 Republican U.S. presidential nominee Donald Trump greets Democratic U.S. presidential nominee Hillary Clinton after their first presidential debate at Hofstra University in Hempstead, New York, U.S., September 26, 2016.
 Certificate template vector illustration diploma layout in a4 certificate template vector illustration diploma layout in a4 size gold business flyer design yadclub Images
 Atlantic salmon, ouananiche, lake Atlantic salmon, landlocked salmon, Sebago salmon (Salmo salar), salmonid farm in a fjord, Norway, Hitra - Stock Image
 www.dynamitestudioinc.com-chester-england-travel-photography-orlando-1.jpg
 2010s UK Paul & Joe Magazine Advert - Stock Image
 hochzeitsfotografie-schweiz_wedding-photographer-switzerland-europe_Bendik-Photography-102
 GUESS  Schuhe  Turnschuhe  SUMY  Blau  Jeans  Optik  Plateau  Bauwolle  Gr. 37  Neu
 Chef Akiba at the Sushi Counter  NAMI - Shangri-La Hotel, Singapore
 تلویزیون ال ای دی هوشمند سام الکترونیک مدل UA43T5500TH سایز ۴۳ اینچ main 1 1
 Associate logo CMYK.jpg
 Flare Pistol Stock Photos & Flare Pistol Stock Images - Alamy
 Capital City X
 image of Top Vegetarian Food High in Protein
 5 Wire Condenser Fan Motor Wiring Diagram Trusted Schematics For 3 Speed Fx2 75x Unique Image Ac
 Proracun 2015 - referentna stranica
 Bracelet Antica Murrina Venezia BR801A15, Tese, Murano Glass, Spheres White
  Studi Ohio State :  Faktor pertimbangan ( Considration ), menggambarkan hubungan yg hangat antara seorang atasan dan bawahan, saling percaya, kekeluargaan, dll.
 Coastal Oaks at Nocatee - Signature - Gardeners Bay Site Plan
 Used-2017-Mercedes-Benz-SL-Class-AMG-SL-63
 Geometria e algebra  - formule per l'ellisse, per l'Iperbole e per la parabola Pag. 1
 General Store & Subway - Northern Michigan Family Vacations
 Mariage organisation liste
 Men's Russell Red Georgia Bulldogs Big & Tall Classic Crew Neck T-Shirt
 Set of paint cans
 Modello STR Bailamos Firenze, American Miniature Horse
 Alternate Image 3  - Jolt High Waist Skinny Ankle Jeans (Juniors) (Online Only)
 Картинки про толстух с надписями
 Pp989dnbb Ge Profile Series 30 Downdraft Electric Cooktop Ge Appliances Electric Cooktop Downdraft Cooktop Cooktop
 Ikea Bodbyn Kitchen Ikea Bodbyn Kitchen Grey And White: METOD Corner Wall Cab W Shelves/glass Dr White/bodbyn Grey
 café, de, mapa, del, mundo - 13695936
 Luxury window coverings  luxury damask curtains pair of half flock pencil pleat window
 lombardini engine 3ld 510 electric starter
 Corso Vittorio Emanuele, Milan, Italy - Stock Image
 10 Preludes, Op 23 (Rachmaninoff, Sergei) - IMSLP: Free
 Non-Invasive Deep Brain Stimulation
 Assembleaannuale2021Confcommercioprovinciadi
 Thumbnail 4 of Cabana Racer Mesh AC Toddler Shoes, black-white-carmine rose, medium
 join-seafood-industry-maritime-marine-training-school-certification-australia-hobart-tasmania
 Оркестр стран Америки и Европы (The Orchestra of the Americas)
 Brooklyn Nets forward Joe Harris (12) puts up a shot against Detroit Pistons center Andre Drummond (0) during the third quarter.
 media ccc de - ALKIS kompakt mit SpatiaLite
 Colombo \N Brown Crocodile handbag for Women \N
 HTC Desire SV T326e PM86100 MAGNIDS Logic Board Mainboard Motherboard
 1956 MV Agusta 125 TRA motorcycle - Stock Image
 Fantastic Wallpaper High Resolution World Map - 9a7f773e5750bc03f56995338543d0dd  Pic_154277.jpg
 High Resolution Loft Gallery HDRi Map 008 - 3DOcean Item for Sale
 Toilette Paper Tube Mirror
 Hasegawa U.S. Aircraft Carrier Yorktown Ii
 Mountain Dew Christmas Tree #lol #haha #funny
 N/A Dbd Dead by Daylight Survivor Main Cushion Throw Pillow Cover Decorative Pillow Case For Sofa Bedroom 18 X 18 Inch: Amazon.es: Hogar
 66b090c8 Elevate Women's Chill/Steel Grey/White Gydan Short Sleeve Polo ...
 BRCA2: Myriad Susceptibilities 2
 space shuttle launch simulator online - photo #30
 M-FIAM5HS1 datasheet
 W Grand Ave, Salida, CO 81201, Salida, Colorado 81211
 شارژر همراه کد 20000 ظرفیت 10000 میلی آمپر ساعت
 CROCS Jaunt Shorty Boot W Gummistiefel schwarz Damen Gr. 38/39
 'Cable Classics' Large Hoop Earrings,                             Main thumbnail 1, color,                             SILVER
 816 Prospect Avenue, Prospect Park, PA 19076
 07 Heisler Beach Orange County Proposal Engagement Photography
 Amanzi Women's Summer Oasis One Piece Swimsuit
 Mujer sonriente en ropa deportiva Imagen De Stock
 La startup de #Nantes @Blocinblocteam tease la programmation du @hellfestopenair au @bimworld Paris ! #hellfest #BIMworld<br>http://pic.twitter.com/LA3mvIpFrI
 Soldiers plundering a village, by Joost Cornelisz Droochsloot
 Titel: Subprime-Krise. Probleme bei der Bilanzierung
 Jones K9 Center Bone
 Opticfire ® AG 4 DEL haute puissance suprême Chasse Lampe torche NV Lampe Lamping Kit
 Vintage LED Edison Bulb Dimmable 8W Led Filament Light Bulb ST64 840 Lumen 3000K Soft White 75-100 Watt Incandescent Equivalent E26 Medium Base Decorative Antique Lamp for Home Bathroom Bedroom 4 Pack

⁂

__WHAT IS REQUIRED__:
Report how many lines of the data above hold the string "Women". Nothing else belongs in the answer.

__SOLUTION FOR THIS PROBLEM__:
3